This Amendment No. 1 (this “Amendment”) amends and supplements the Tender Offer Statement on Schedule TO (as amended and together with any amendments and supplements thereto, the “Schedule TO”) filed with the Securities and Exchange Commission on March 18, 2021 by (a) Franklin Acquisition Sub, Inc., a Delaware corporation (“Purchaser”) and a wholly owned subsidiary of Amgen Inc., a Delaware corporation (“Amgen”), and (b) Amgen. The Schedule TO relates to the offer by Purchaser to purchase all of the outstanding shares of common stock, par value $0.001 per share (the “Shares”), of Five Prime Therapeutics, Inc., a Delaware corporation (“Five Prime”), at a purchase price of $38.00 per Share, in cash, minus any applicable withholding taxes and without interest, upon the terms and subject to the conditions set forth in the offer to purchase, dated March 18, 2021, a copy of which is attached as Exhibit (a)(1)(A) (together with any amendments, supplements or modifications thereto, the “Offer to Purchase”) and in the related Letter of Transmittal (together with any amendments, supplements or modifications thereto, the “Letter of Transmittal” and, together with the Offer to Purchase, the “Offer”), a copy of which is attached as Exhibit (a)(1)(B).

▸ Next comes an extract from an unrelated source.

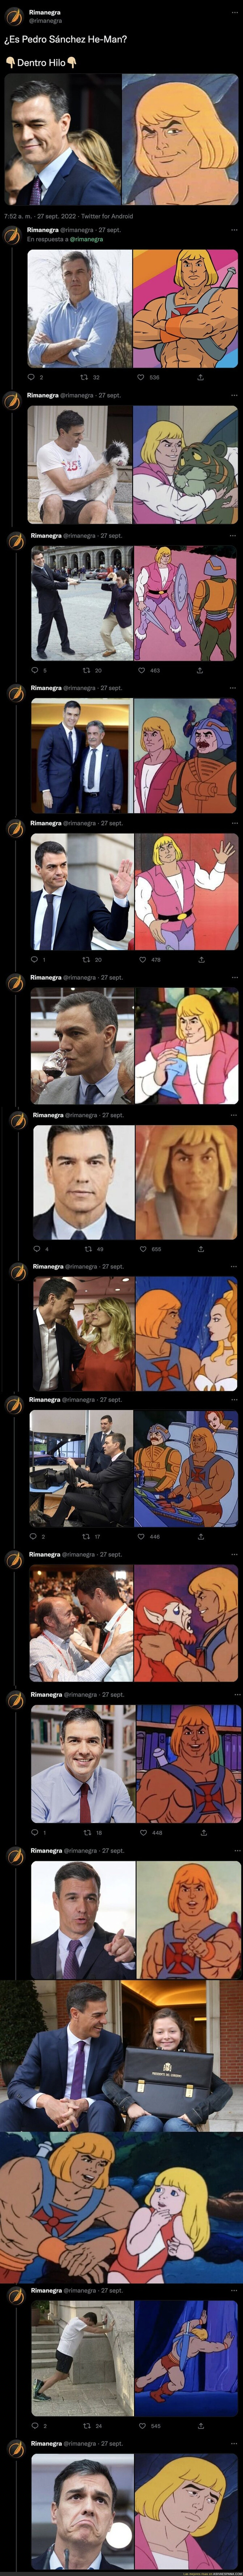 Todas estas imágenes hacen pensar que el personaje He-Man está basado en Pedro Sánchez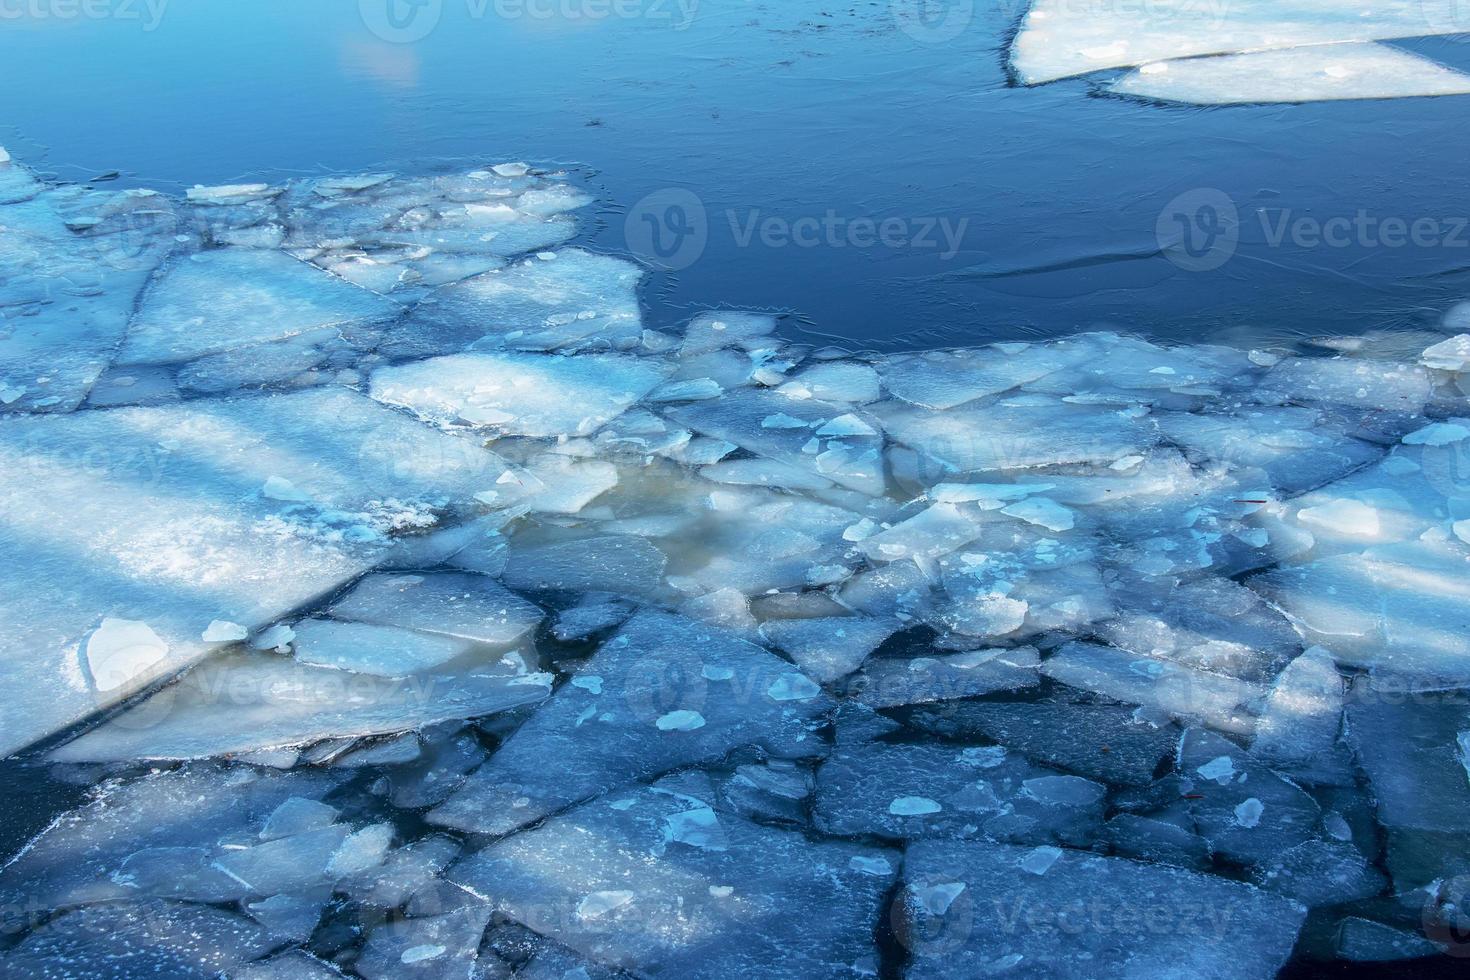 Winternaturhintergrund mit Eisblöcken auf gefrorenem Wasser im Frühjahr. abstrakter hintergrund von treibendem eis auf dem wasser foto

Except as otherwise set forth in this Amendment, the information set forth in the Schedule TO remains unchanged and is incorporated herein by reference to the extent relevant to the items in this Amendment. Capitalized terms used but not defined herein have the meanings assigned to such terms in the Offer to Purchase or in the Schedule TO.
The Schedule TO is hereby amended and supplemented as follows:
Item 11. Additional Information.
The Offer to Purchase and Item 11 of the Schedule TO, to the extent such Item incorporates by reference the information contained in the Offer to Purchase, are hereby amended and restated as follows:
1. | The information set forth in the section of the Offer to Purchase entitled “The Tender Offer—Certain Legal Matters; Regulatory Approvals; Litigation” is hereby amended and restated by adding the following paragraph after the first paragraph of the subsection entitled “Litigation”: |
“Subsequent to the filing of the Offer to Purchase, later in the day on March 18, 2021, Elaine Wang, a purported stockholder of Five Prime, commenced an action in the United States District Court for the District of Delaware, captioned Elaine Wang v. Five Prime Therapeutics, Inc. et al., Case No. 1:21-cv-00395-UNA, against Five Prime and the current members of the Five Prime Board asserting claims under Sections 14(e),
14(d)(4), and 20(a) of the Exchange Act challenging the adequacy of certain public disclosures made by Five Prime concerning Five Prime’s proposed transaction with Amgen. The lawsuit seeks, among other things, an injunction preventing consummation of the proposed transaction with Amgen, rescission of the proposed transaction or rescissory damages in the event it is consummated, an accounting by the defendants for all damages caused to the plaintiff, and the award of attorneys’ fees and expenses. No claims are asserted against Amgen. Defendants have not been served with nor have they answered the complaint. Defendants believe the claims asserted in the complaint are without merit.”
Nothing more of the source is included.